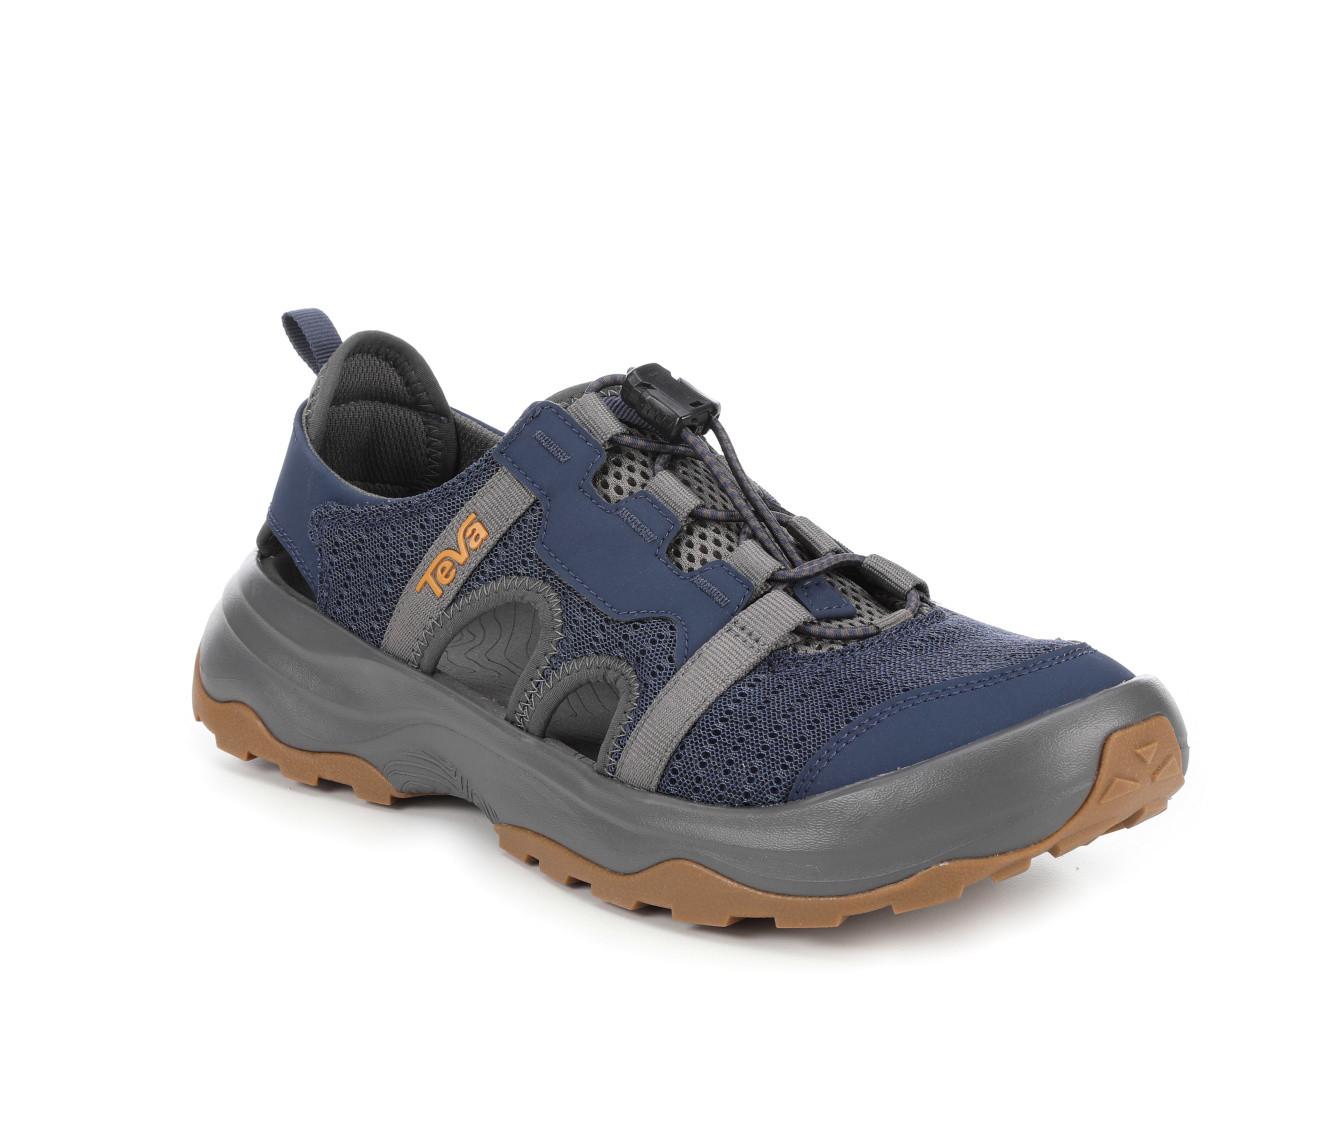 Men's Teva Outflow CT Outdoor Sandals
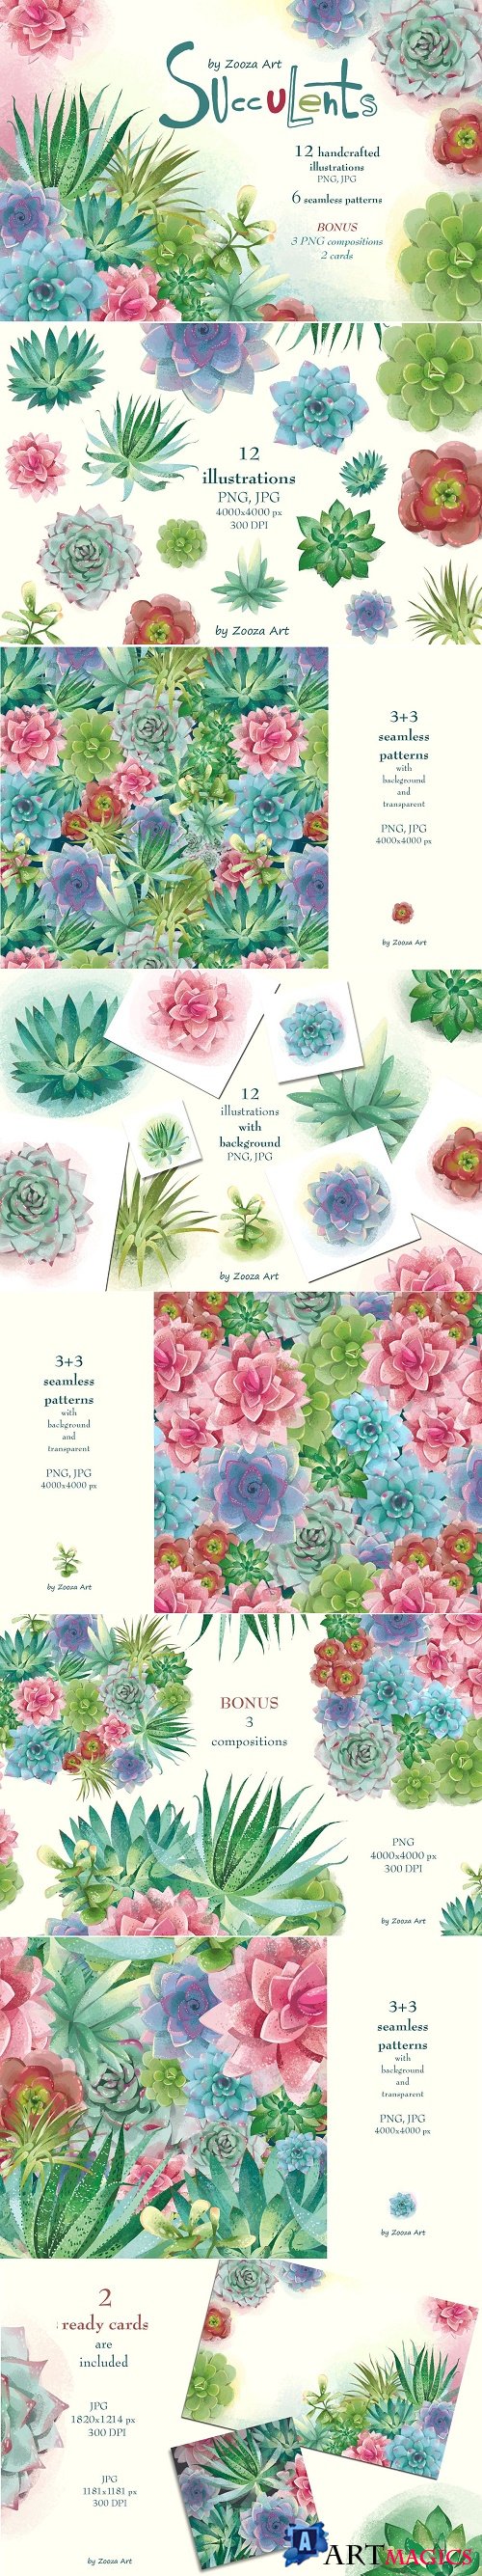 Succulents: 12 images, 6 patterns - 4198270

---

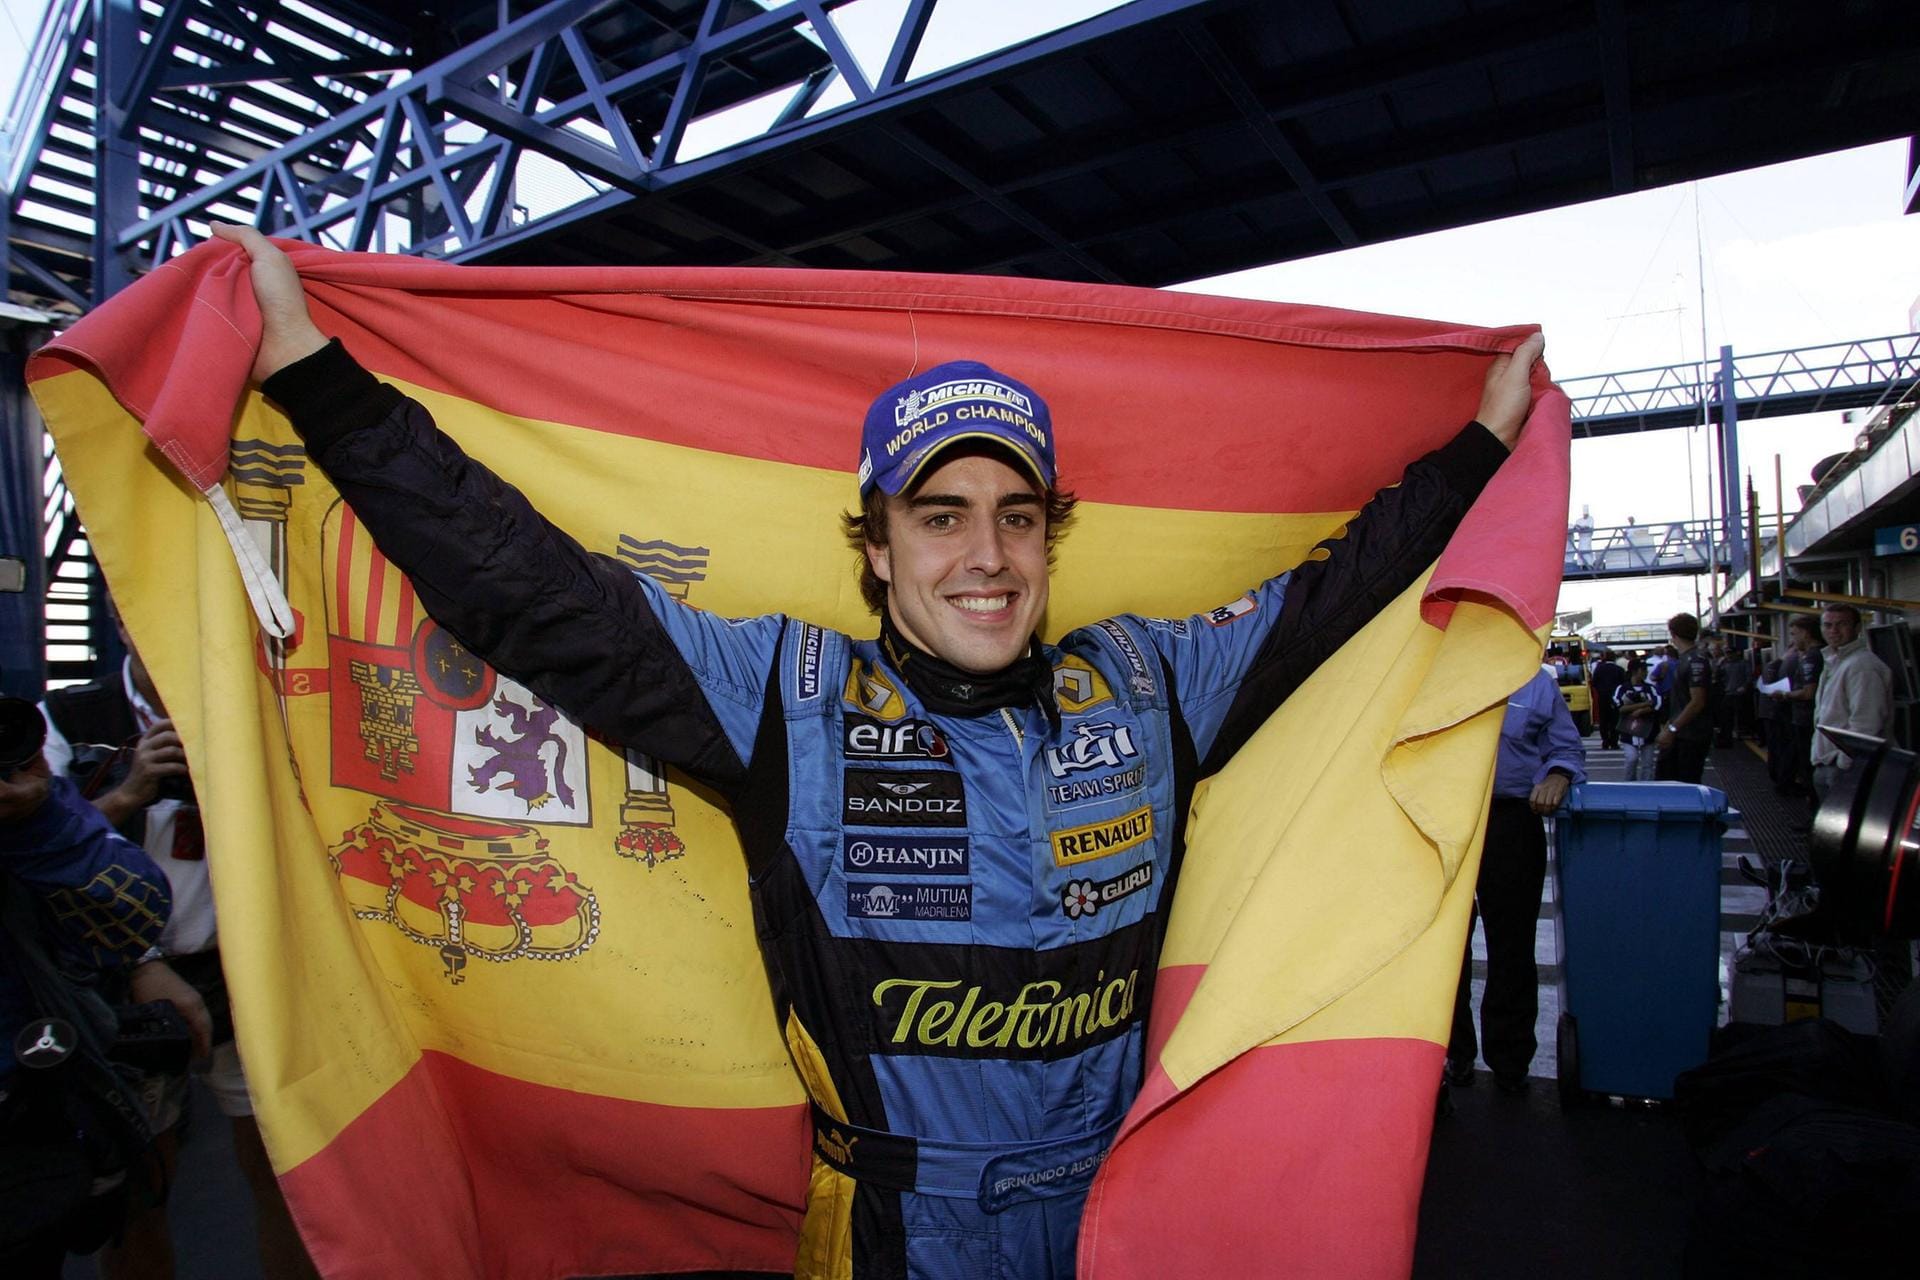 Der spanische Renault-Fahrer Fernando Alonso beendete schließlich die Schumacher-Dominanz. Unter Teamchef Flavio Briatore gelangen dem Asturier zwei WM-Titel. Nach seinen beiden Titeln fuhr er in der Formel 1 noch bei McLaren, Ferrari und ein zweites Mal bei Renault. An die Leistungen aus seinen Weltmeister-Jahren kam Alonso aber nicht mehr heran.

### About this task
Reproduce the listing above only between the lines holding "Men's Teva Outflow CT Outdoor Sandals" and "Succulents: 12 images, 6 patterns - 4198270", inclusive. Every line must match exactly, and pictures are dropped.

### Solution to this exercise
 Men's Teva Outflow CT Outdoor Sandals
 Succulents: 12 images, 6 patterns - 4198270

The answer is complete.